To understand why Mr Trump's 1461 day presidency to end of 2020 was likely to be the most dangerous whomever ruled the wavelengths, BRI.school invites you to co-edit a 7 minute read on a short history of world trade in millennium 2 - see far right column. In Moore's laws maths -this period's exponential rise breaches singularity - for first one computer chip has more switching/analytic capacity than the human brain's cells- tenmoore.com - The Games
http://www.1461.worldhttp://www.economistdiary.com trump's 1461 days were natures, AI, SDG destiny's and most dangerous presidency this month's 3 greatest risks to under 30s goodwill webs and english-language edu- brexit, n korea and huawei (see keynesian analysis in next tweet)
INDUSTRIAL REVOLUTION 4 : special china thanks: BRI Belt Road IQ -need custom guide rsvp chris.macrae@yahoo.co.uk normanmacrae foundation, DC-text 240 316 8157
Main reason for optimism is leapfrogging - thats when a society/place that was excluded from industrial age networks leapfrogs an old system to a new one thanks to 1000 times more COMstech than 1946; about a third of the world never had wired telephone lines, now almost all have mobile (text version); more than a quarter of the world never had electricity grids, now microsolar is linking in;. Prior to 2017 only Jim Kim open spaced this debated in DC: let's hope all parents and youth do now from usa to china to Rome, from Scotland to Argentina, from Bangalore to Haiti. from . G1 G2. Join Valuetrue.com and QBG -does your place have a JYK to celebrate global youth? futures of Liberty 1 & education 1
Even as the 1960s moon race inspired the world, we need to understand how unequal the opporttunity to innovate had been - even in the 1960s as many as half the world's people had no access to electricity grids so they got their news of the moon race by word of mouth.

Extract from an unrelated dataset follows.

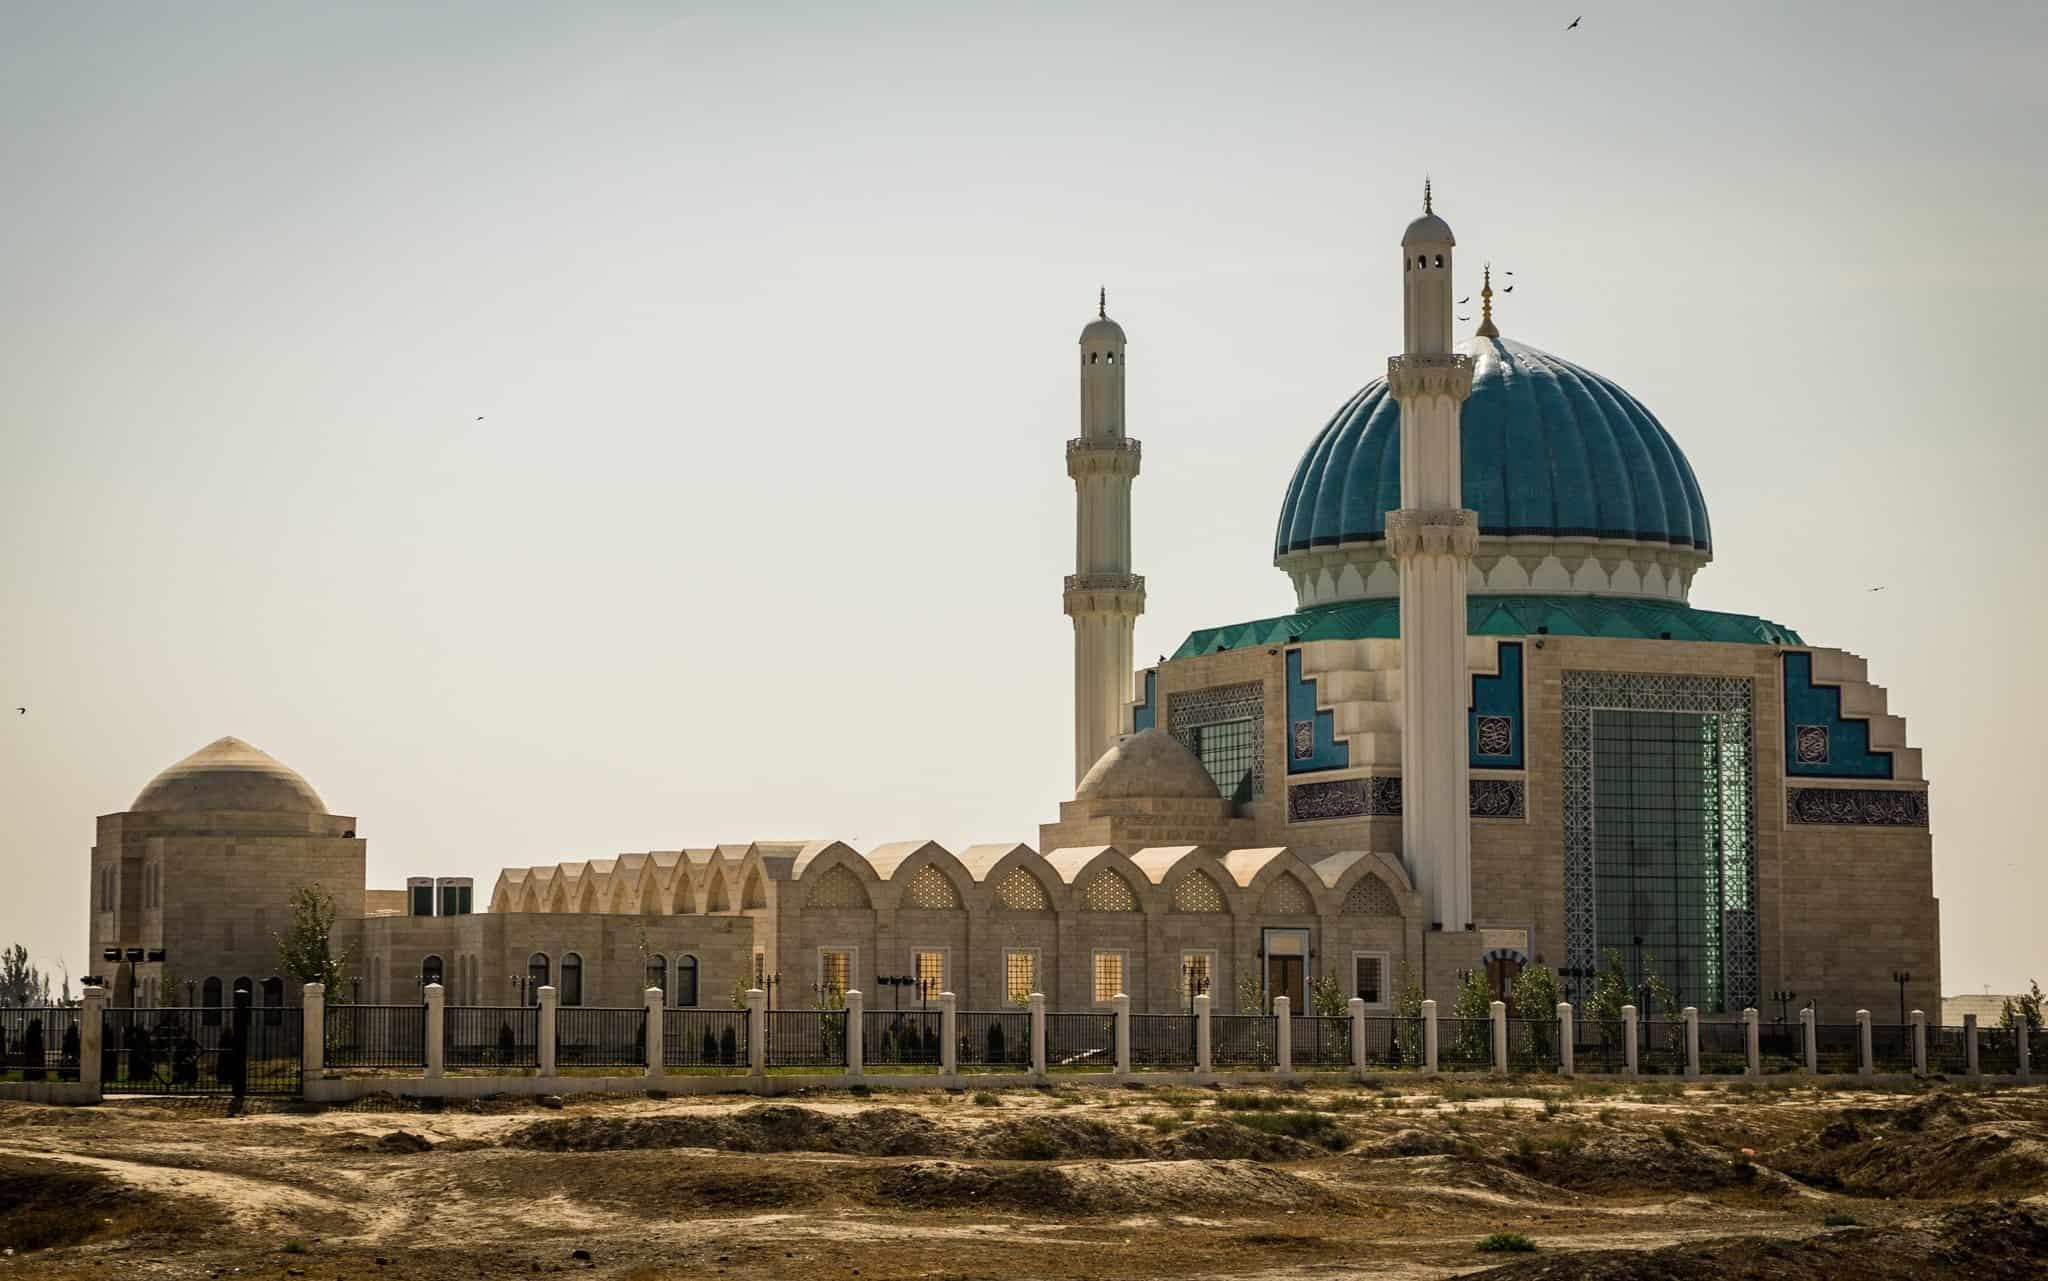 Turkistan Mosque the Mausoleum of Khawaja Ahmed Yasawi

Consider 1000-1500- until the last few years of this period , the known world was Europe-Asia and NE Africa; #BR8 the med sea was the main world trade waterway; places facing this sea increasingly developed win-win trades; moreover #BR7 the west asian border to med sea was the start of an amazing overland relay of traders which stretched all the way to china (the silk road was the greatest overland world trade route ever and to sustain its interfacing markets required positive cross-cultural bridging all along its route. Silks and spices from the Chinese end acted like a positive currency- there was much demand for them whose value naturally went up the further they were merchanted back to Europe. Everyone gained for this trading route- you can read marco polo's diaries- perhaps nowhere invested more in artistic celebrations of being a major hub of positive trade than his hometown venice in europe and the town he was asked to govern for 2 years in china Hangzhou which marco described as the great town of markets in the world.)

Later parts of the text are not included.